Testimonianza

Terra Santa, luglio 2017

“Sono stata in pellegrinaggio in Terra Santa nel mese di luglio del 2017. Il gruppo era composto da persone  di città, di culture ed  esperienze diverse. Insieme abbiamo vissuto qualcosa di cui siamo parte ed è lì, nel ricordo, come un paesaggio da contemplare e da cui attingere forza per andare avanti nelle quotidianità. Il padre che ci ha accompagnati, don Giovanni, è stato una guida preziosa. Pochi essenziali aggettivi possono descrivere la sua persona: appassionato, instancabile, attento, sensibile, capace di farsi tutto a tutti. Le  sue spiegazioni sui luoghi, la storia, la cultura, l’arte, la Parola di Dio che ha letto e spezzato per noi, ci hanno insegnato ad indirizzare il nostro sguardo da ciò che era esterno a noi alla nostra interiorità; in un movimento circolare continuo: dalla bellezza dei luoghi densi di spiritualità a quel dialogo interiore con un Dio che si rende presente misteriosamente nelle vita di ognuno. 

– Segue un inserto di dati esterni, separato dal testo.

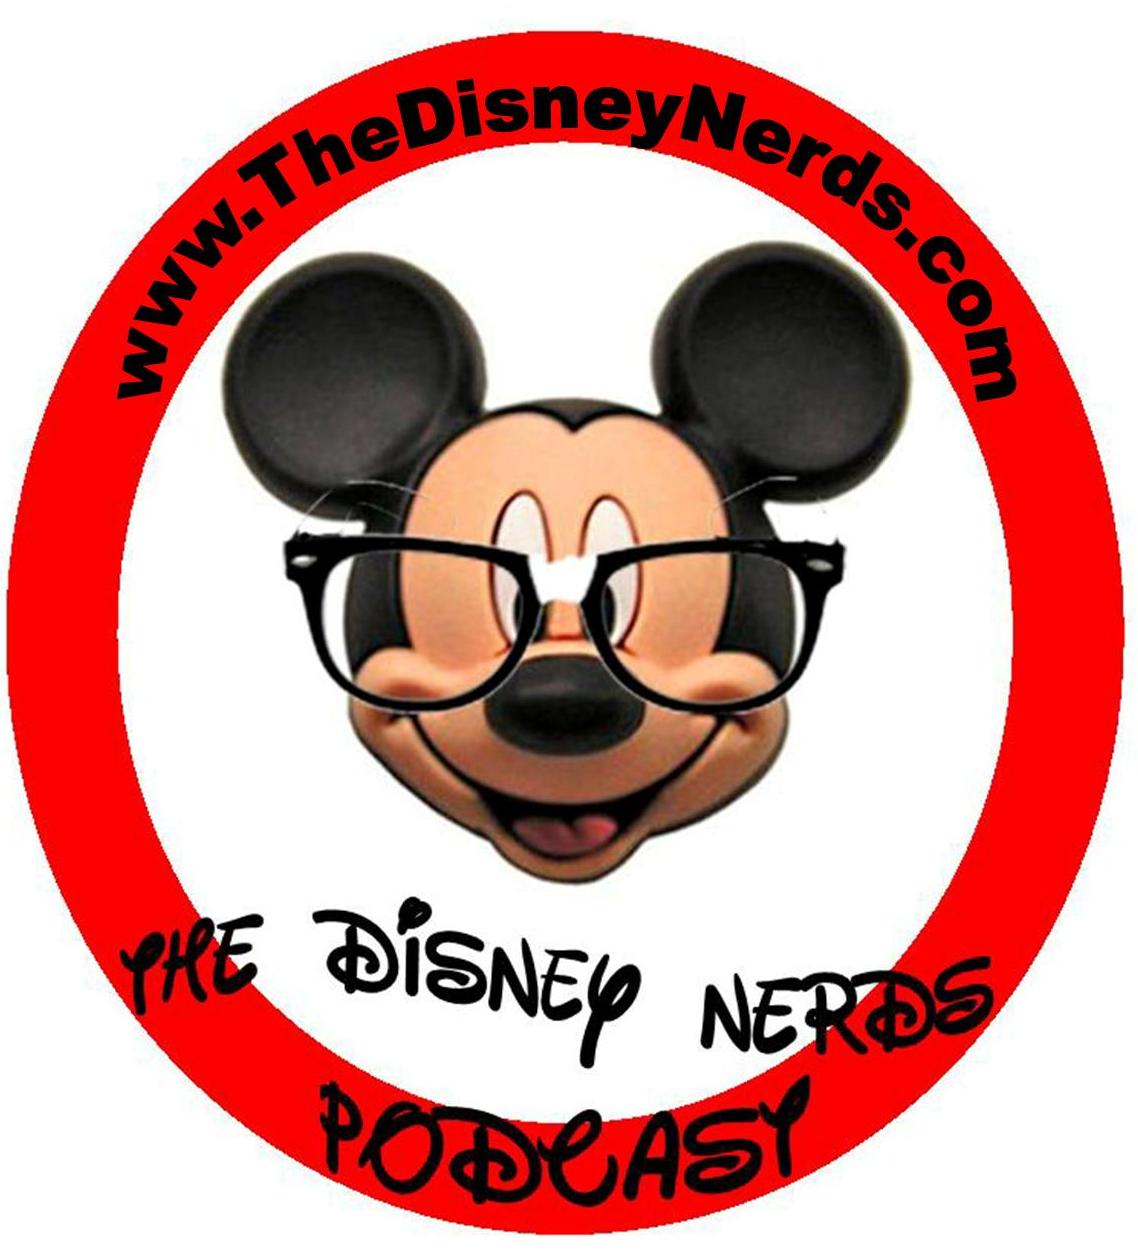 Show # 34 of the Disney Nerds Podcast

La Terra Santa è "il luogo del qui, quello in cui tutto avviene” – questo ha ripetuto don Giovanni tante volte, invitandoci a chiedere tanto - tutto - per i nostri cari e per le nostre vite, “a volare alto”, perché quel qui è una Presenza viva che continuamente opera. 

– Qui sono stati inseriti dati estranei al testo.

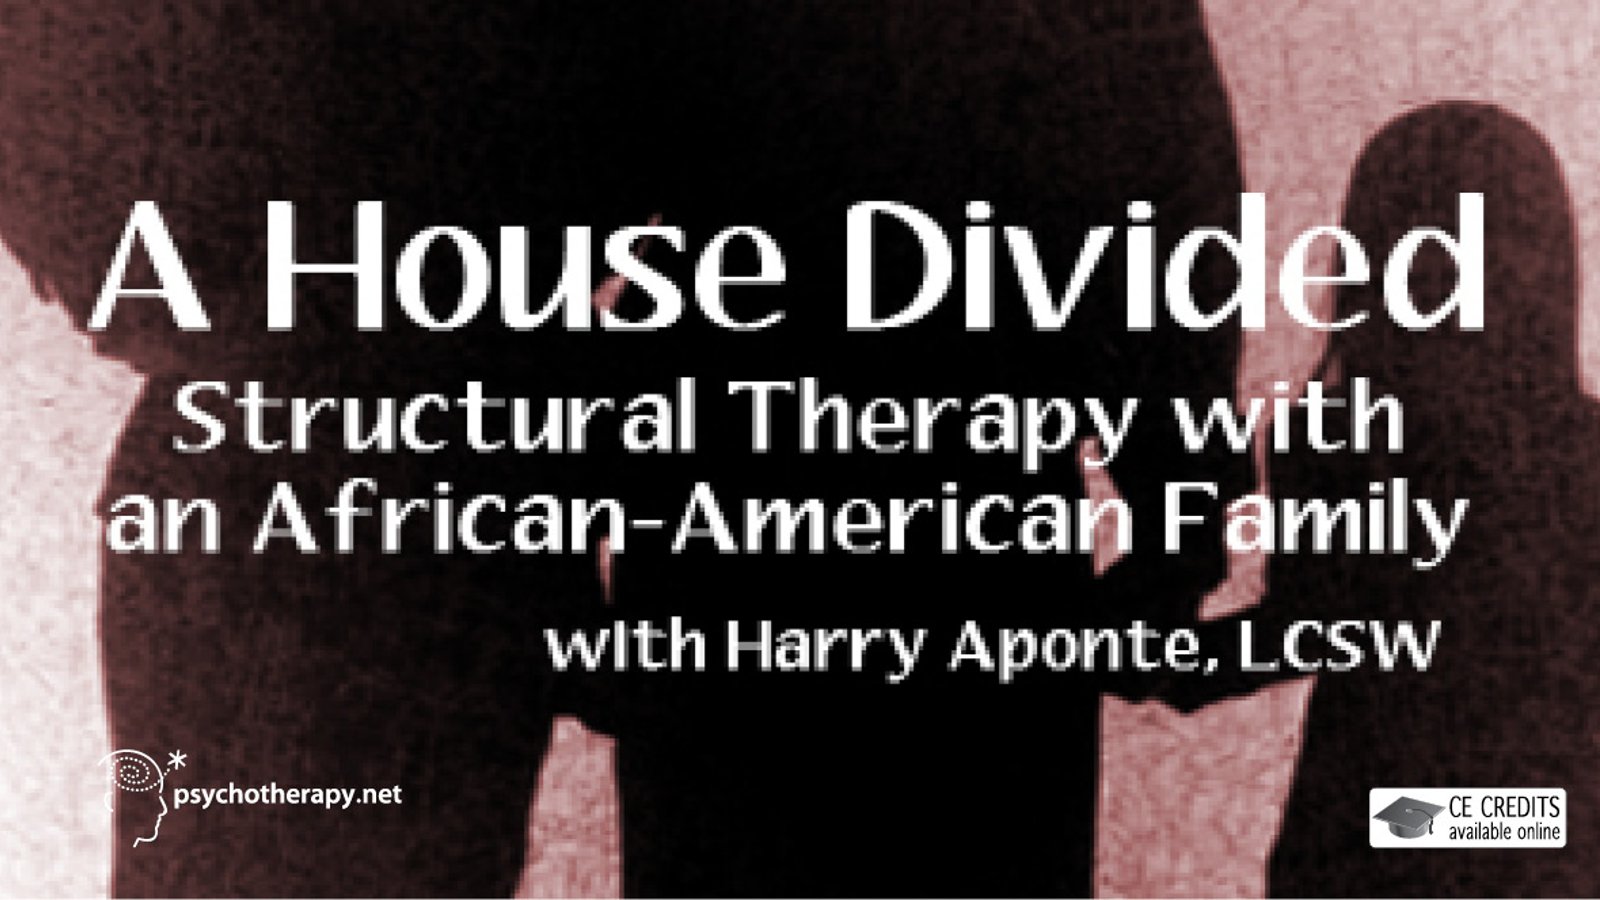 A House Divided - Structural Therapy with a Black Family with Harry Aponte

È difficile per me descrivere i luoghi visitati poiché essi ora sono talmente parte dell’anima che è difficile distinguerli da me stessa. 

A Nazareth, la grotta del sì di Maria, l’Angelus, la recita del rosario e la processione del sabato sera! Lì mi è sembrato che il tempo si fermasse e fossimo parte di una liturgia celeste! Il lago di Tiberiade  un incanto, così azzurro  e dolce. Mi ha colpito per la sua bellezza, per la placidità delle sue acque, per la tenerezza con cui avvolge e lambisce la terra, per la capacità  di dissetare una regione vastissima, per la vegetazione rigogliosa che nutre. Mi è sembrato un’immagine di  Dio che è bellezza, tenerezza, nutre le anime, le avvolge, dà con sovrabbondanza. Il monte delle Beatitudini così bello! La  natura con i suoi colori, i suoi fiori, le sue piante è entrata nell’anima e l’ha riempita. Il fiume  Giordano, la sosta a Qumran. Quanto era caldo! Il sole faceva sentire riarsi. Il bagno nel Mar Morto però mi ha rigenerata. Tutto bruciava il sole, la sabbia. Poi l’acqua fa sentire bambini e la sensazione di galleggiare sempre e comunque ha aggiunto una gioia leggera. Il deserto di Giuda è impressionante.  Non immaginavo fosse così il deserto. Il deserto non è assenza degli altri, ma è lotta, forza, desiderio, perseveranza … è accettare di affrontare tutto; è lottare, è agonia.

Essere a Gerusalemme e guardarla è una sensazione che non si può descrivere. Sembra essere nelle proprie radici, ritrovare se stessi e la propria storia. E anche sentire dolore per la  storia di una città così complessa, così amata dagli uomini eppure così lacerata e ferita. Al Muro del pianto ci si sente parte di questa storia non solo del popolo ebreo, ma cristiano, palestinese di ogni razza … E’ un luogo di memoria e di dolore ma anche di affidamento a Dio. Lì ci si stringe a Dio come fa un bimbo che si accosta alla sua mamma e chiede protezione, consolazione alla sue pene. Le vie del quartiere ebraico, la via dolorosa: quanti colori, quanti profumi! Non immaginavo che le spezie diventassero luogo; ogni profumo diviene una possibilità per i sensi che si inebriano sempre in nuove fragranze che danno l’idea della vita umana, della diversità e bellezza delle creature.Il Santo Sepolcro è un altro luogo del qui ed esperienza dell’anima, indicibile. 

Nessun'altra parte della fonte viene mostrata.